From 2003 to 2005 they operated an art gallery in Jack London Square. When the space closed, Oaklandish began selling their wares from a modified camper van at street festivals and farmers markets. Owner Angela Tsay credits the reopening of the Fox Oakland Theatre in 2009 as the catalyst for reinvigorating a deteriorating downtown Oakland, which led to the eventual opening of Oaklandish's flagship store in Downtown Oakland in 2011. That year, they also introduced a new clothing brand representing cities across the country, called There There. In 2012 they partnered with Town Park, a skate park in Oakland, to create skateboards. In 2013, they opened a store in the Dimond neighborhood, followed by the Oakland Supply Co. store in Jack London Square in 2014.

Every year, the flagship store gives away t-shirts to Oakland Unified School District students who earn a grade point average of 3.5 or higher. Oaklandish also produces "Dubs Gear," a label of Golden State Warriors clothing that is independent of the franchise. In 2015, Oaklandish partnered with Adidas and basketball player Damian Lillard to design and sell a limited edition basketball shoe. A second clothing line, There There, features designs for other major cities, including Philadelphia and Baltimore.

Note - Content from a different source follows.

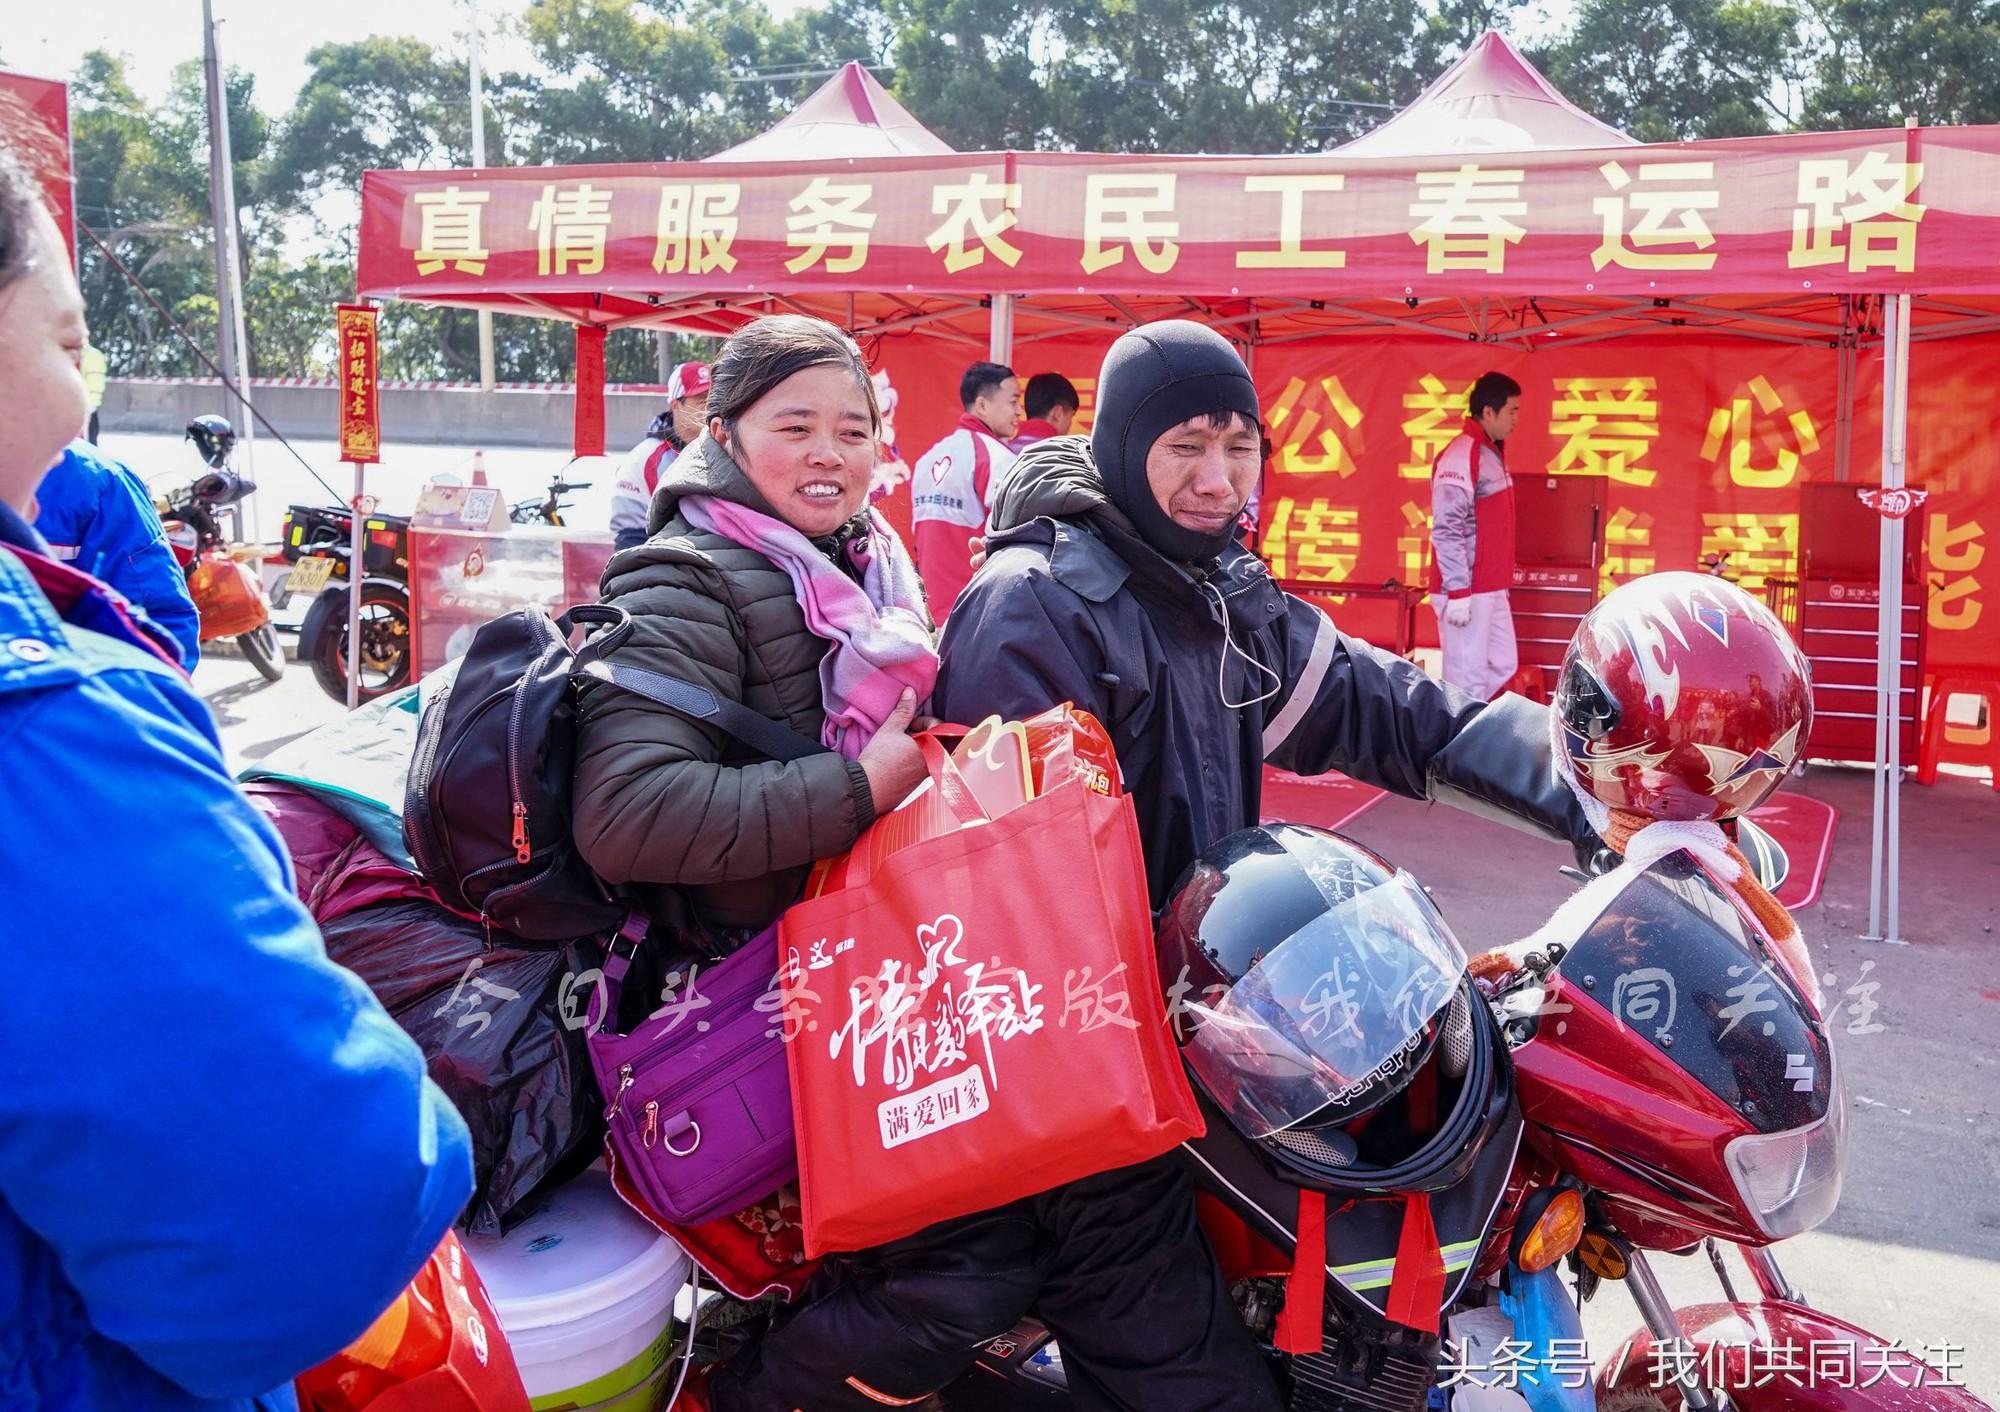 Ngán ngẩm cảnh đông đúc tại nhà xe bến tàu, hàng chục nghìn người Trung Quốc phượt trăm km về quê ăn Tết - Ảnh 13.

In 2016, Fortune named Oaklandish the 38th fastest growing inner city business in the United States. They described Oaklandish's business model as "pioneering" and recognized the business as the first American company to operate a mobile retail component, by using campers to sell products throughout the city. In 2015, the business made $3.26 million in revenue. Krazy George Henderson and Jean Quan are customers of the store.